Inside Harry Styles's 'Fine Line' Concert: Stevie Nicks, Surprise Covers, And Snowfall

He celebrated his new release by performing the album in its entirety at L.A.'s The Forum

You could see the words half a mile down the road: HARRY STYLES FINE LINE, lit up and circling the roof of L.A.'s The Forum on Friday (December 13), where 17,000 fans and one golden boy were gearing up to celebrate the saddest, sexiest album of the year. Fans outfitted in fresh merch, paisley-patterned jumpsuits, and the obligatory banana costume filled the arena as a carefully curated pre-show playlist (Aretha Franklin, The Beatles, Bob Dylan) set the tone for the one-night-only album release show, held just hours after Harry Styles's second solo effort, Fine Line, arrived into the world.

When he emerged onstage on 9 p.m., Styles had on the same striking ensemble he wears on the new album's cover art: a chest-baring hot pink blouse, high-waisted white trousers, and chunky black platforms. Video screens on either side of the stage stretched him to skyscraper-like length — letting us glimpse additional accents like his pearl necklace and blue nail polish — as he addressed the sold-out crowd for the first time.

"I'm baaack!" he exclaimed, right after kicking off the evening with the punchy Fine Line opener "Golden." This night, he proclaimed, would be a special one, because "this will probably be the only time we're going to play [the album] top to bottom, start to finish." But before getting down to business, there was his now-infamous disclaimer. "We have one job tonight and that is to entertain you," he reminded the crowd, adding that they should "please feel free to be whoever you want to be tonight."

Helene Pambrun


Styles and his band did, in fact, play Fine Line in its entirety, live-debuting nine new songs in total. He giggled while singing the "woo woo's" and "doo doo's" at the end of "Sunflower, Vol. 6," turned the Forum stage into a Malibu camping ground for "Canyon Moon," and praised his trusty guitarist Mitch Rowland for absolutely shredding that "She" solo. A surprise highlight were the two singers featured on "Treat People With Kindness," who sang that feel-good hook while Styles danced around the stage and got the crowd all hyped up on altruism.

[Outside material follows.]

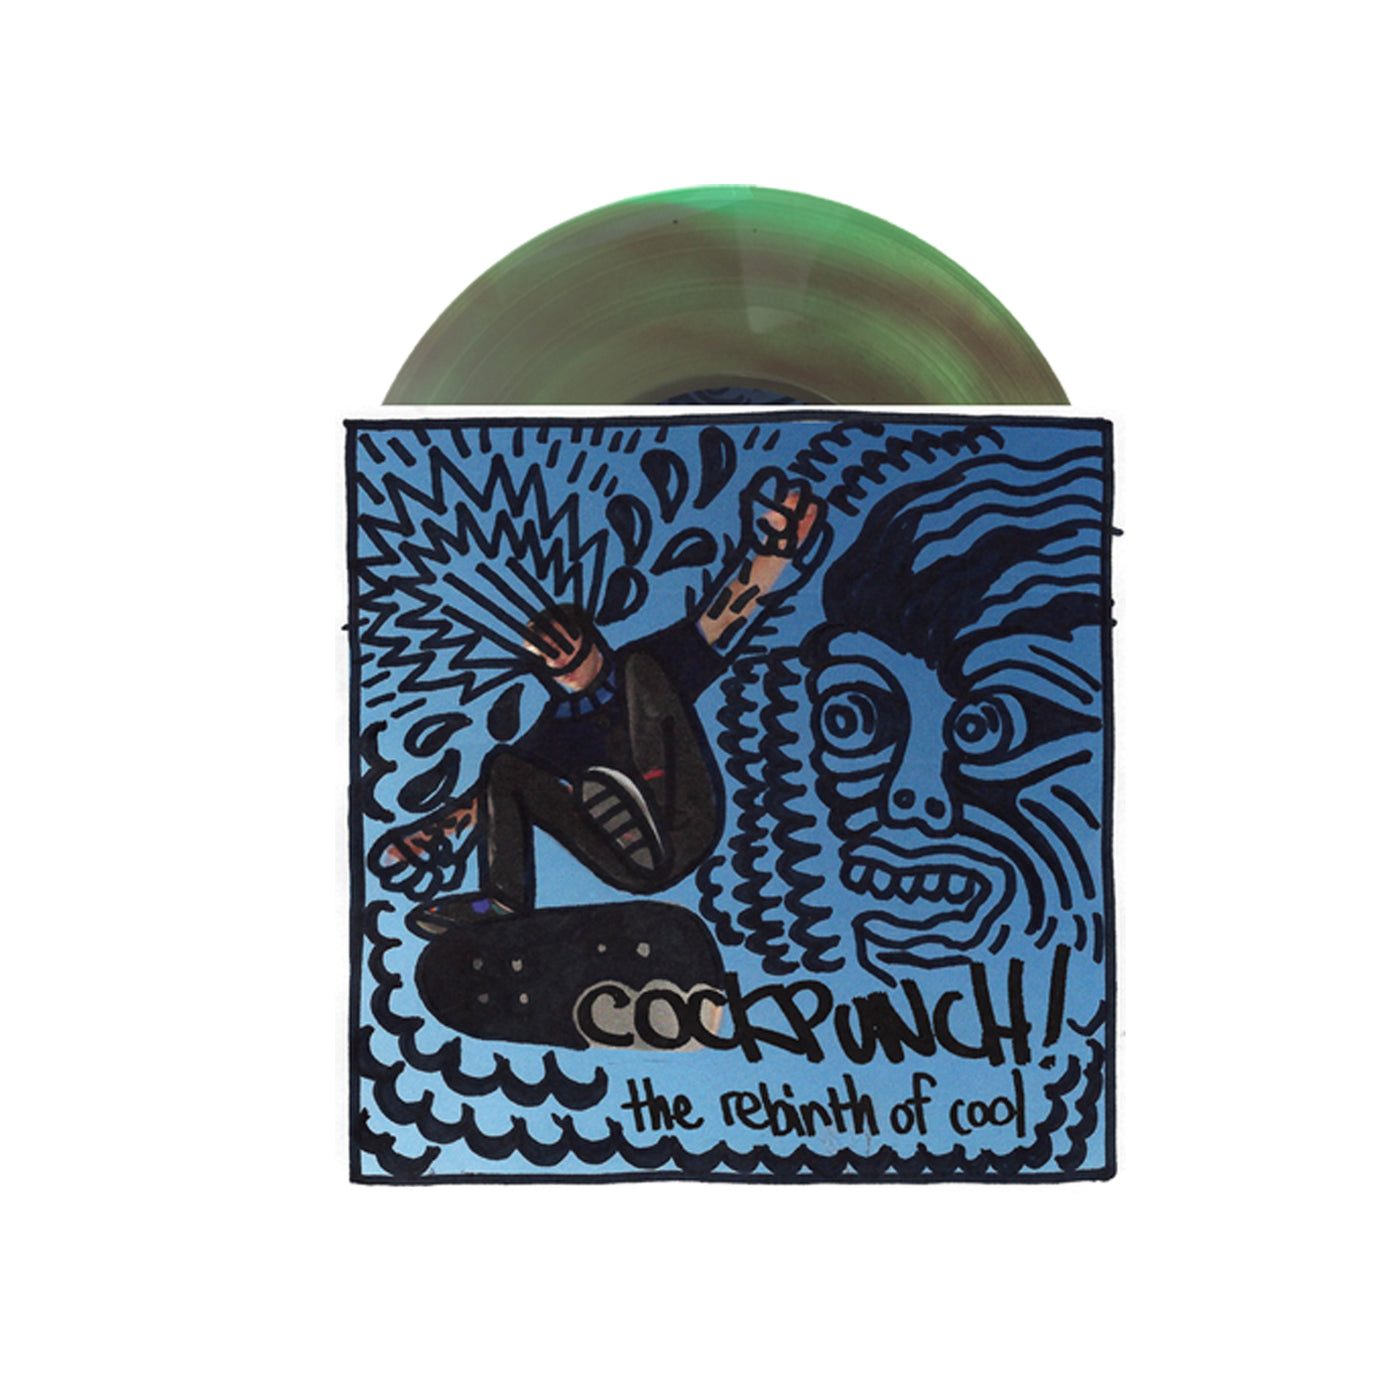 The Rebirth Of Cool Brown In Green 7" Vinyl
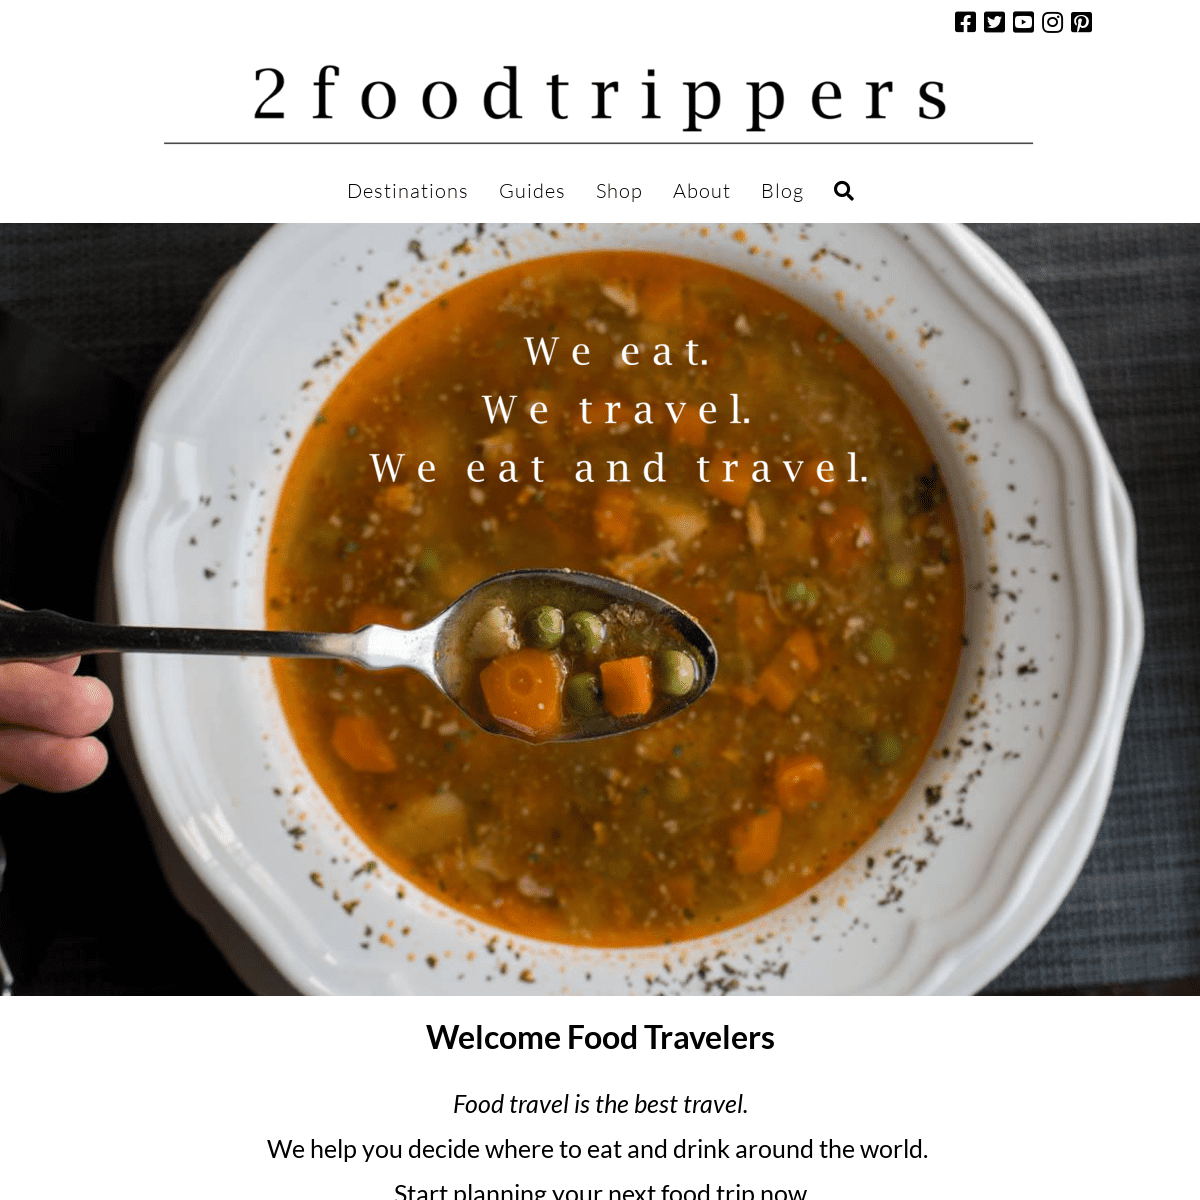 A complete backup of 2foodtrippers.com

When it hit the "feeling sad" portion of the album, the one-two sucker punch of "Cherry" and "Falling" was even more affecting live, with Styles instructing fans to hold up their cell phone lights for the latter tearjerker. It was maybe the only time he'll ever play that song to near-dead silence; maybe the audience hadn't had time to memorize the words, or maybe they just wanted to quietly marvel at him hitting those acrobatic high notes. For the next song, though, Styles did seem amused by which lyrics fans already knew by heart — on "To Be So Lonely," that was the memorable line, "I'm just an arrogant son of a bitch who can't admit when he's sorry." Styles dryly quipped, "Why is it that when I called myself an arrogant son of a bitch, that's when you sang the loudest? Of every line, you just decided to sing that with your whole chest?"

Even with his several chatty interludes, performing Fine Line only took Styles and Co. an hour; he himself noted that it "went a lot faster" than he'd anticipated. But he had a few tricks and a Nicks up his magenta sleeve, returning to the stage after a few shorts minutes for an electric five-song victory lap. Surprise guest Stevie Nicks strutted onstage to join her pal for a bewitching duet of "Landslide," as they slow-danced and held hands with visible warmth. "I know. Cool, isn't it?" Styles giddily admitted.

Helene Pambrun


His rockier, revamped version of One Direction's debut hit "What Makes You Beautiful" dialed up the nostalgia, and then, in a tribute to another classic-rock idol of his, Styles embraced the spirit of the season with Paul McCartney's 1979 holiday oddity "Wonderful Christmastime." A flurry of confetti snow fell on the audience as Styles exclaimed, "It snowed in California!" Bookending the encore were two fan-favorites from his 2017 debut: the eternal rocker "Kiwi," which still manages to feel like a goddamn earthquake, closed the show, while the epic "Sign of the Times" was first. During the latter number, Styles fittingly changed the lyric "welcome to the final show" to "welcome to the very first show."

That's where the specialness of the night really sunk in: This was Styles's first full-length concert of the Fine Line era; a stand-alone celebration before his official tour kicks off next April. And no one was in more of a celebratory mood than the man himself, who ended the party with a note of gratitude: "There is nothing that makes me more hopeful than standing in front of you. ... This album is yours. I am yours."